Sum of squared deviations

TL;DR Comparison of approaches


In [2]:
from numba import jit
import numpy as np
import pandas as pd
from numpy import sum, power, mean
from matplotlib import pyplot as plt
%matplotlib inline
import matplotlib
matplotlib.rcParams['figure.figsize'] = (16, 8)

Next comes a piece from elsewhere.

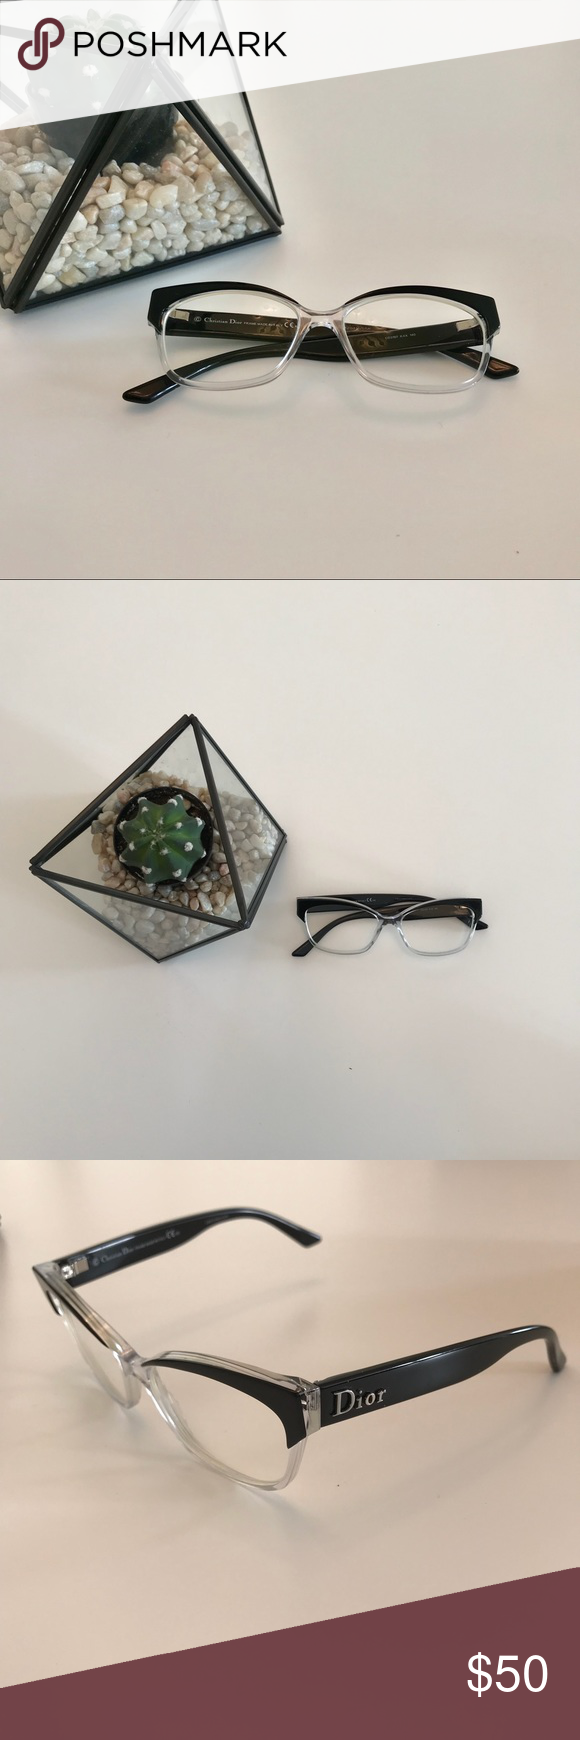 10bef43546 Crystals · Dior 3197 Eyeglasses Black ...
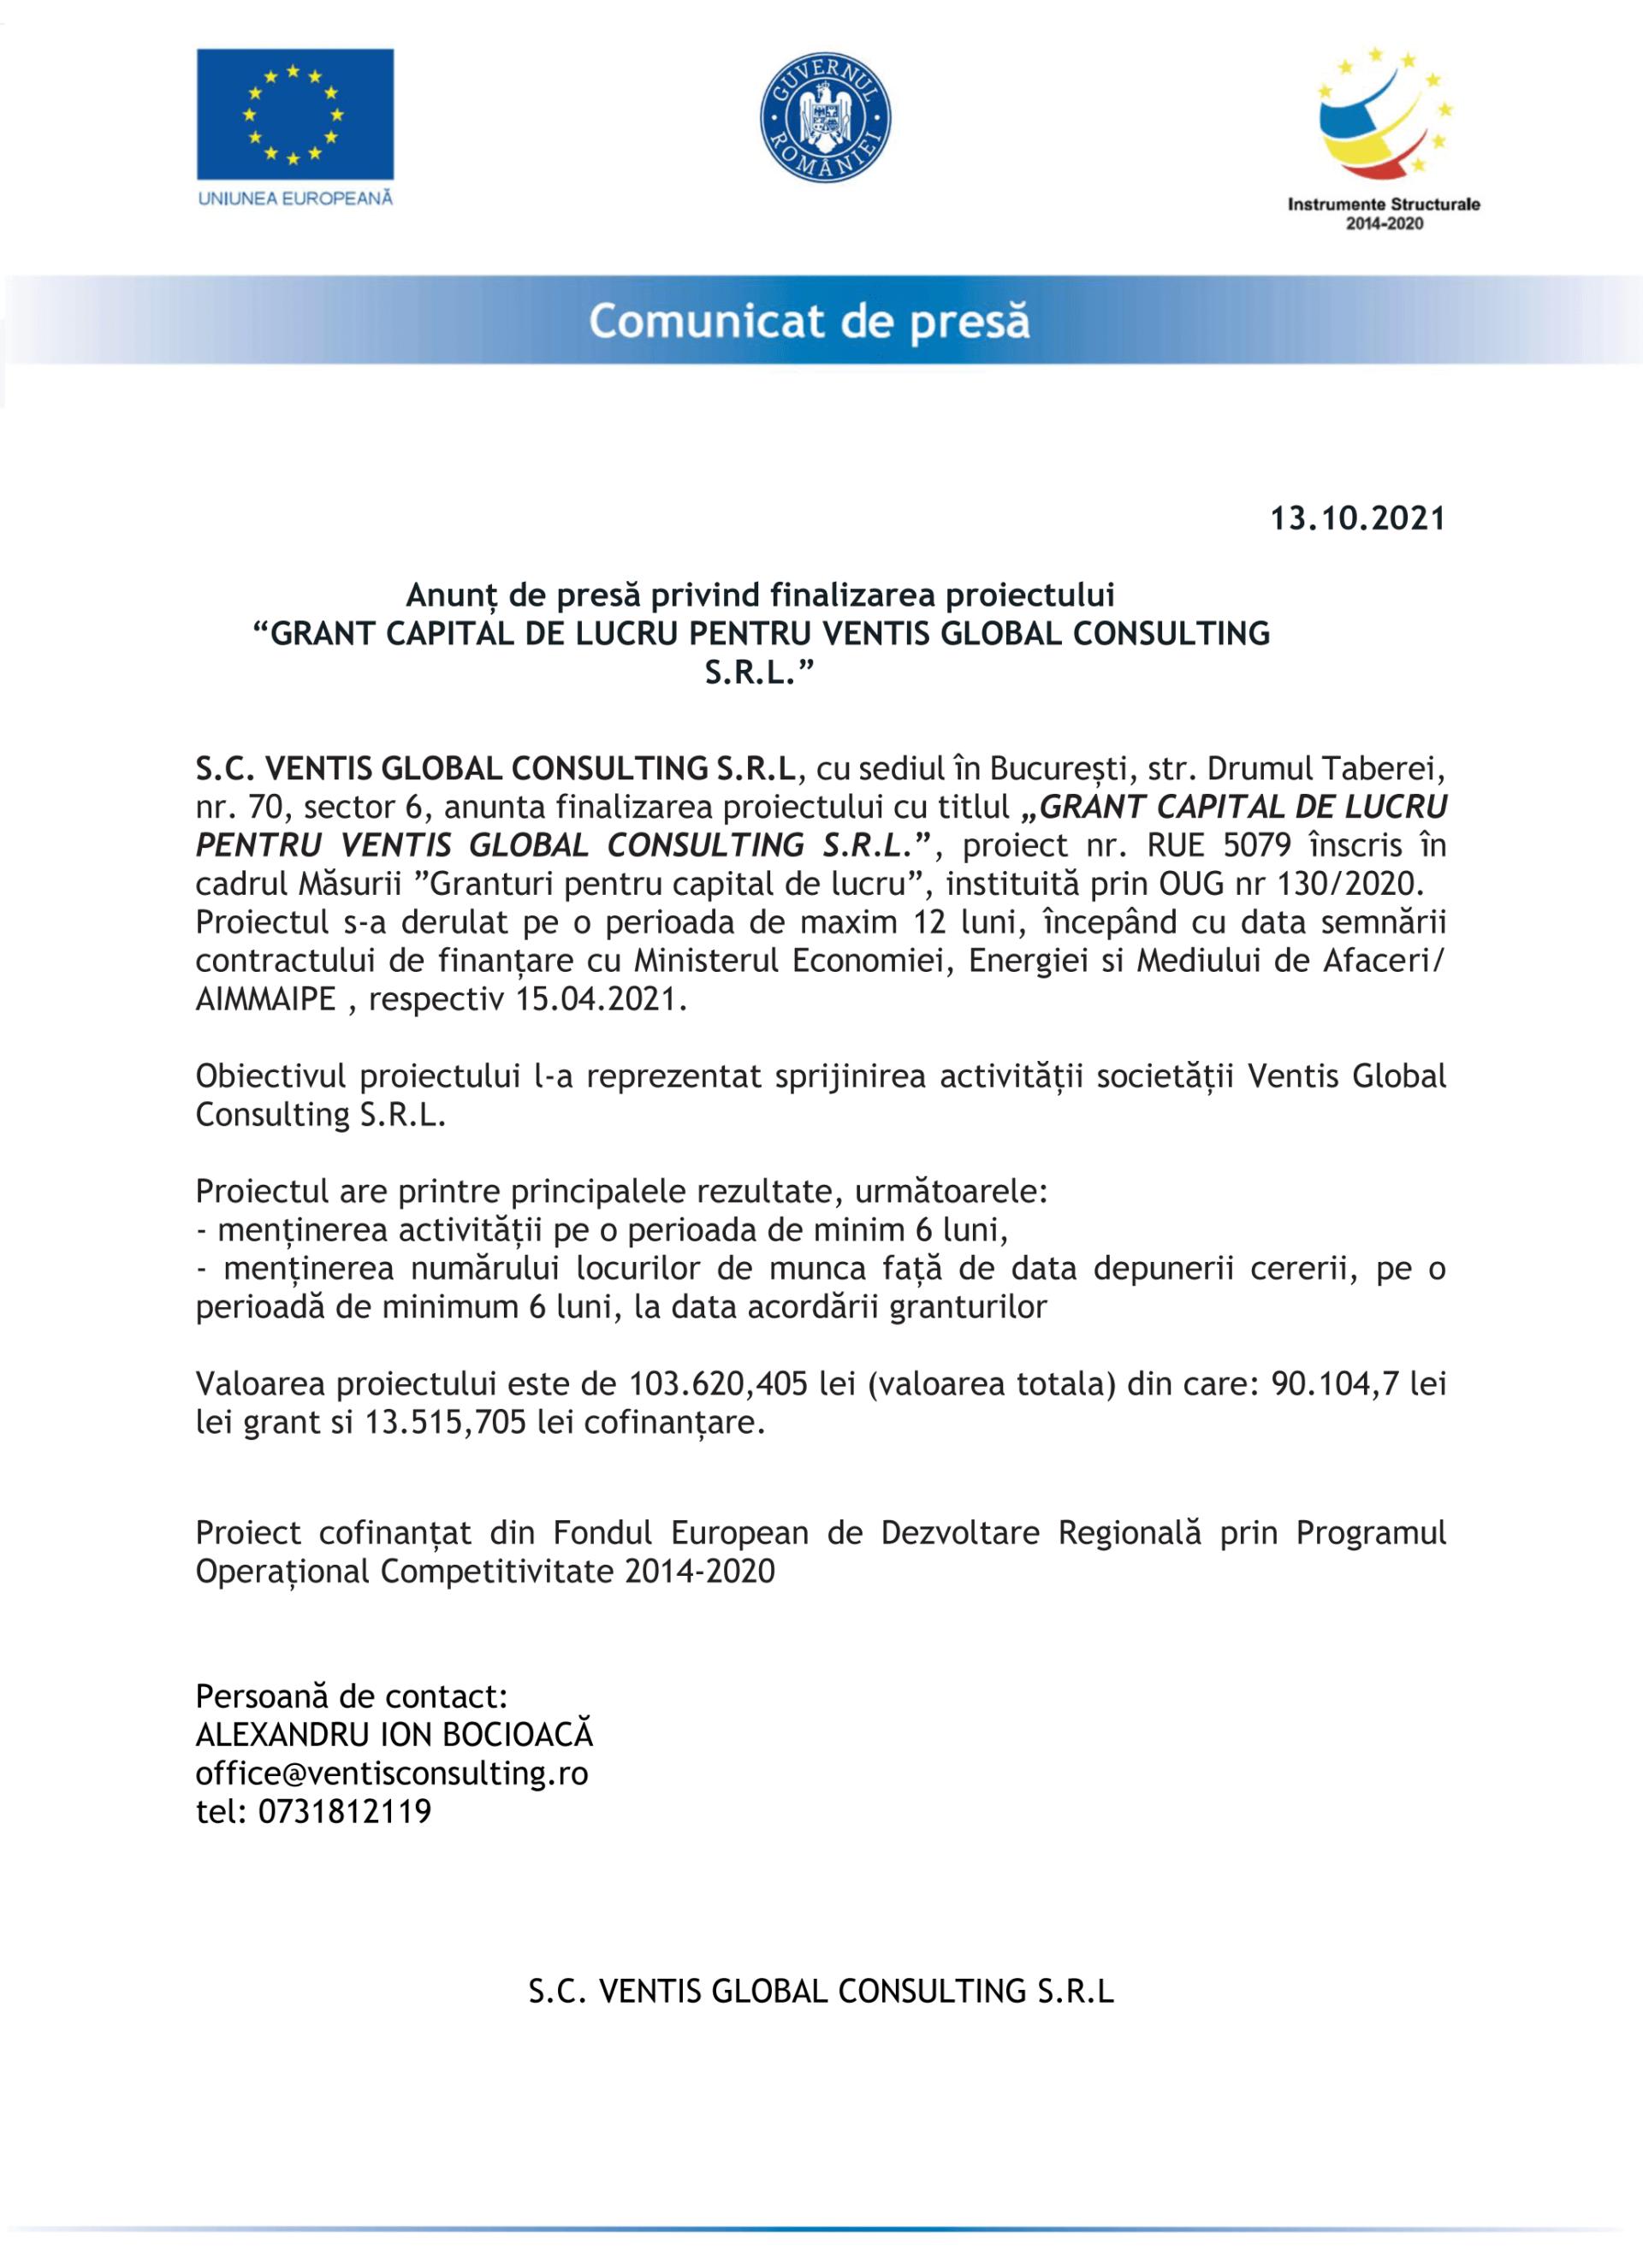 anunt-finalizare-proiect-Ventis-Global-Consulting_Granturi-pentru-capital-de-lucru

from IPython.core.interactiveshell import InteractiveShell
InteractiveShell.ast_node_interactivity = "all"

In [3]:
@jit(nopython=True)
def sum_sq_dev(x):
    return sum(power(x - mean(x), 2))

In [4]:
@jit(nopython=True)
def sum_sq_dev_experimental(x):
    population_mean = mean(x)
    total = 0.0

    for value in x:
        total += power((value - population_mean), 2)

    return total

In [5]:
x = np.random.randn(1000)

In [6]:
np.testing.assert_almost_equal(sum_sq_dev(x), sum_sq_dev_experimental(x))  # Basic sanity test

In [7]:
results = []

for exponent in range(7):
    population_size = 10**exponent
    x = np.random.randn(population_size)
    timings_v1 = %timeit -o sum_sq_dev(x)
    timings_v2 = %timeit -o sum_sq_dev_experimental(x)
    np.testing.assert_almost_equal(sum_sq_dev(x), sum_sq_dev_experimental(x))
    results.append((population_size, timings_v1.best, timings_v2.best))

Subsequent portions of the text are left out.